In Ex parte Young, the Supreme Court held that a state official cannot invoke the shield of sovereign immunity if the official has acted in violation of the Constitution. 209 U.S. 123, 159, 28 S.Ct. 441, 454, 52 L.Ed. 714 (1909). Under Young, when a state officer acts unconstitutionally, he is acting outside his authority and is “stripped of his official or representative character.” Id. at 160, 28 S.Ct. at 454. See also Pennhurst State School and Hospital v. Halderman, 465 U.S. 89, 101, 104 S.Ct. 900, 908, 79 L.Ed.2d 67 (1984) (recognizing the continued validity of Ex parte Young).
Because Frazier sued the defendants in their official and individual capacities for violations of her constitutional rights, her claim falls within Ex parte Young and she can maintain an action against the defendants in their individual capacities under 42 U.S.C. § 1983. See American Civil Liberties Union of Mississippi v. Finch, 638 F.2d 1336, 1340-41 (5th Cir.1981) (holding that the Eleventh Amendment does not bar claims for damages against state officials for violations of individuals’ First Amendment rights).
V. Qualified Immunity.
The defendants are not entitled to qualified immunity if Frazier’s First Amendment rights were “ ‘clearly established’ at the time of [the defendants’] conduct so that a reasonable official would have understood that his conduct violated [Frazier’s rights].” Brawner, 855 F.2d at 191.
The Supreme Court recently articulated what is meant by “a clearly established right.” In Anderson v. Creighton, 483 U.S. 635, 639, 107 S.Ct. 3034, 3039, 97 L.Ed.2d 523 (1987), the Supreme Court stated that:
[t]he contours of the right must be sufficiently clear that a reasonable official would understand that what he is doing violates that right. That is not to say that an official action is protected by qualified immunity unless the very action in question has previously been held unlawful [citations omitted]; but it is to say that in the light of preexisting law the unlawfulness must be apparent.

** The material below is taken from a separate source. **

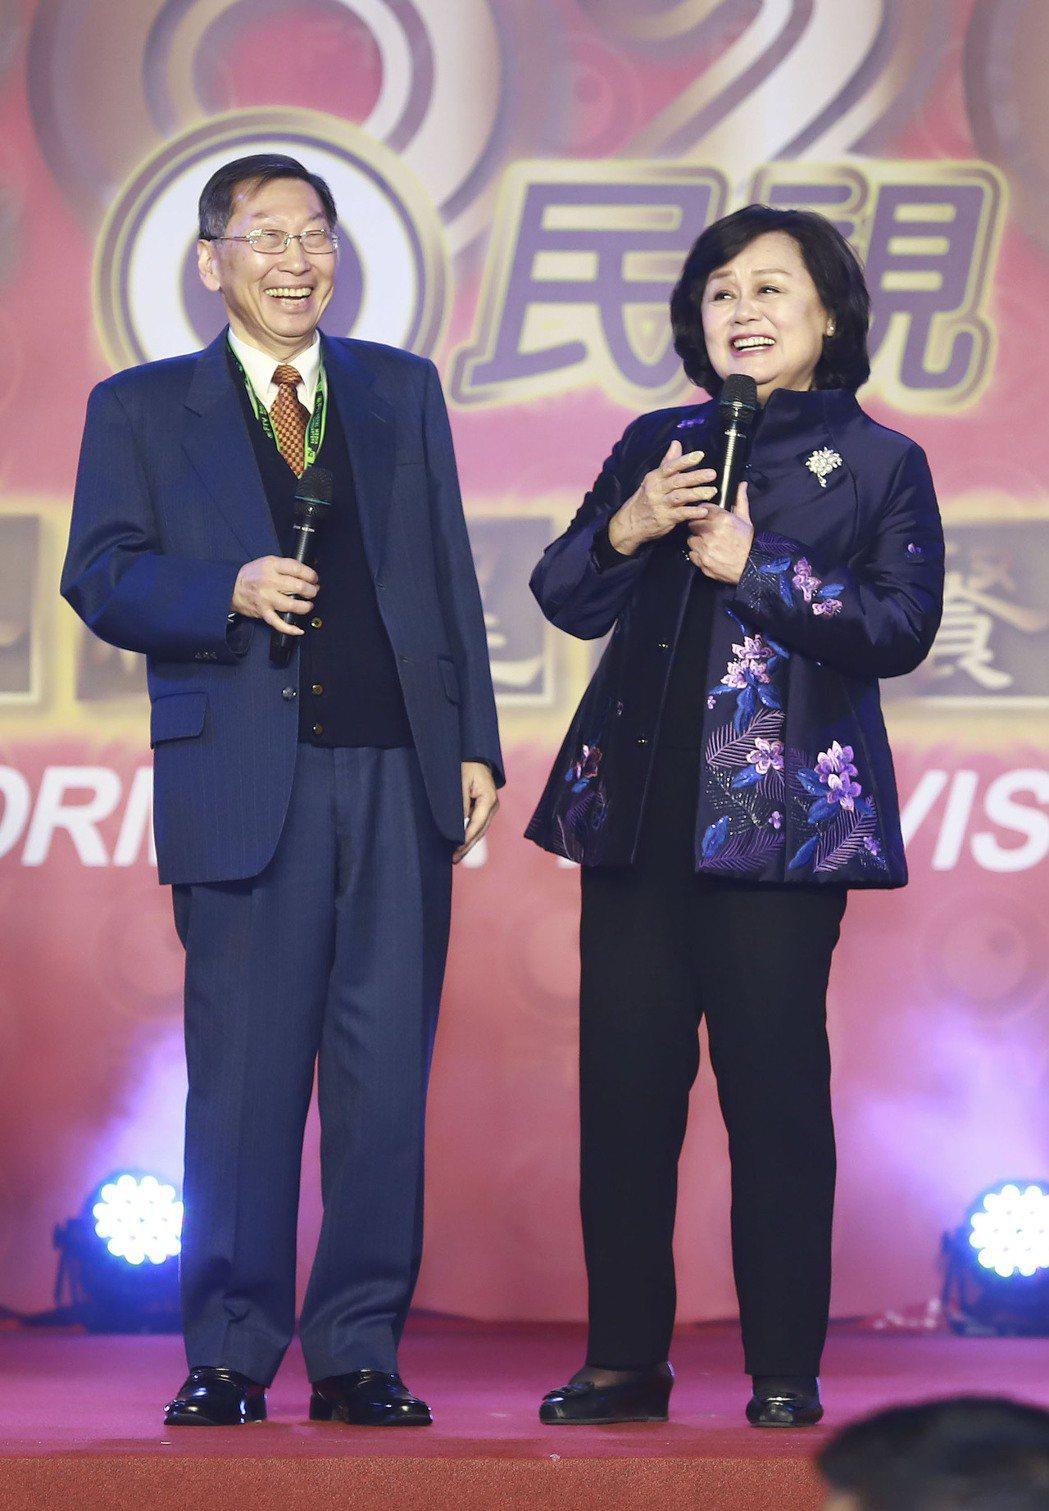 2020年民視尾牙,民視總經理廖季方(左)與董事長王明玉致詞。圖/民視提供

Applying Anderson to the instant case, the evidence indicates that the defendants violated Frazier’s clearly established First Amendment rights. There has been extensive publicity over the past decade concerning the rights and protections afforded whistle blowers. A reasonable official would know that it would be a violation of Frazier’s rights to fire her after she blew the whistle on the improprieties at the prison. See Brawner, 855 F.2d at 193 (stating that “a reasonably objective public official would have known that termination of an employee for his speech concerning misconduct by public officials would violate a clearly established constitutional right”).
VI. Damages.
After reviewing the record and the district court’s findings, we hold that the evidence fully supports the district court’s award of damages and attorney’s fees.
VII. Conclusion.
For the foregoing reasons, the judgment of the district court is AFFIRMED.
. The LCSC opinion does not include the word "not;” however, a review of the entire opinion indicates that the omission of "not" in this sentence was an error.
. State rules of issue preclusion may bar relit-igation of issues in federal court that were previously litigated in state administrative proceedings.